Otherwise, the function shall expand all macros found in the input line (recursively) place the result in the string output and return true.

The class shall be a template parameterized with one of the policy classes describing the vectorization instruction set supported.
For this class, vectorization is probably useless, therefore, you may avoid some template-related problems by rewriting the interface as follows:

		class macroprocessor_impl {
		public:
			bool process(const std::string& s, std::string& output);
		};

		template< typename policy>
		class macroprocessor : public macroprocessor_impl {};
	

The macroprocessor class will not be copied or moved, i.e. copy/move support may be disabled.

Detailed specification

All input lines are composed of words, white-space, and (in the case of macro definition) the character '='. Words are sequences of letters, i.e. [a-zA-Z]+. White-space is a sequence of spaces, i.e. [ ]+. Adjacent words must be separated by white-space, in addition, there may be white-space at the start/end of a line and next to the '=' sign.
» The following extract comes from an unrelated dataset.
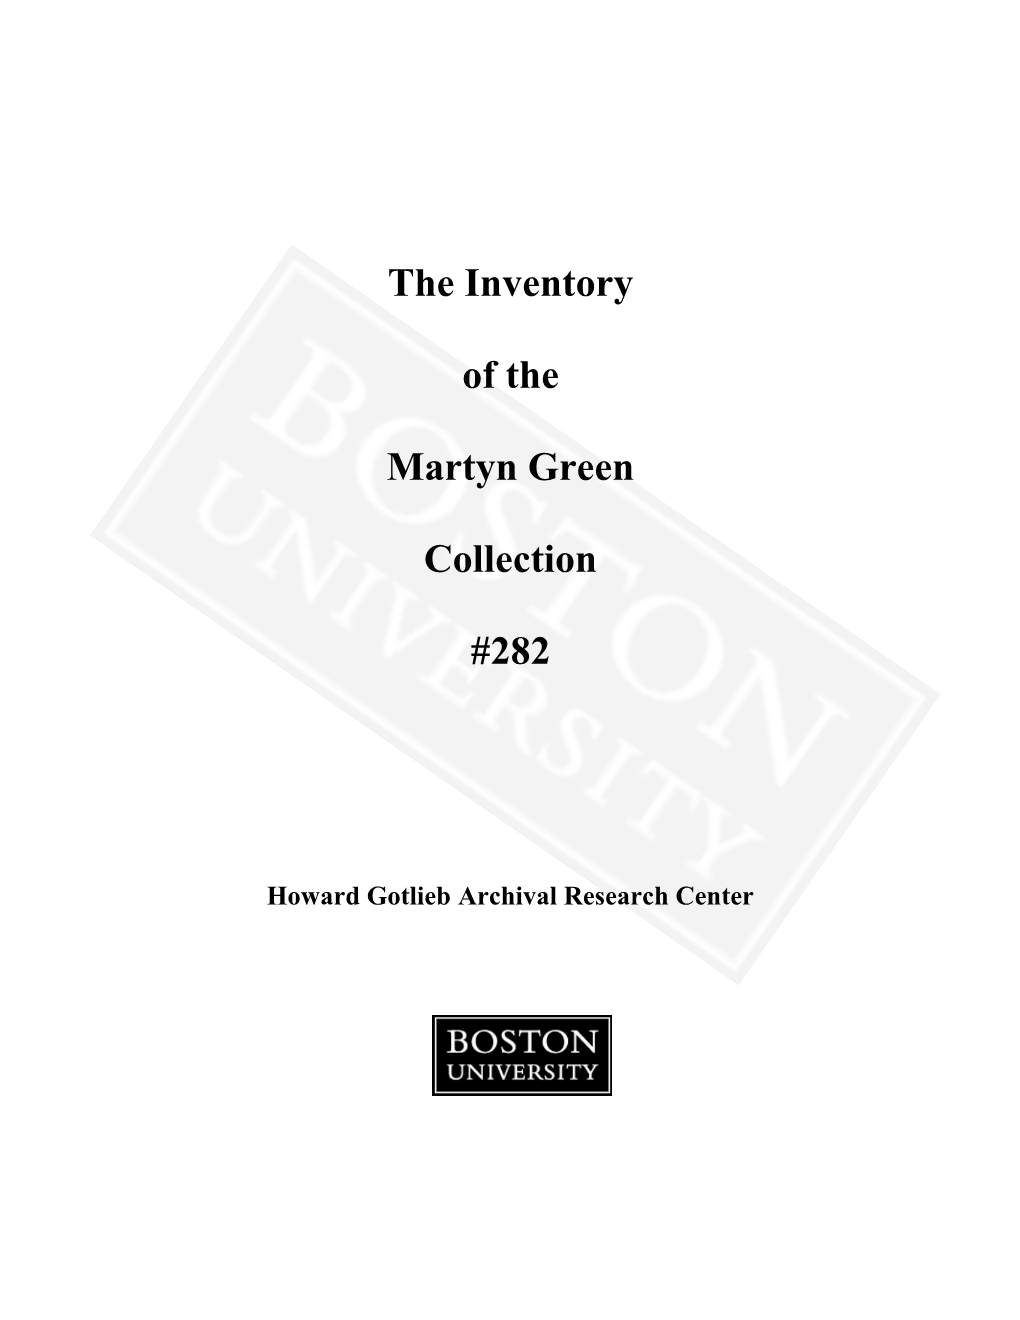 The Inventory of the Martyn Green Collection #282

Lines will never contain a newline character, nor any other character not mentioned above.

The output lines shall contain only words, separated by single spaces. (The correctness is verified by hashing the output lines.)

The definition of a macro is a line containing a '=' after the first word (optionally interleaved by whitespace). The first word is the name of the macro being defined, the (possibly empty) remaining sequence of words is the body of the macro. Macro names are case-significant. The same name may be used more than once, i.e. macro definitions may be changed (but not deleted).

Macro expansion, i.e. the replacement of macro names by macro bodies, is done only during the (recursive) processing of an input line which is not a macro definition. Macro definitions themselves must be stored without expansion, because a subsequent macro definition may change the expansion of a word in a macro body. The expansion process logically works with sequences of words, i.e. words are never glued together and the amount of white-space between them is irrelevant.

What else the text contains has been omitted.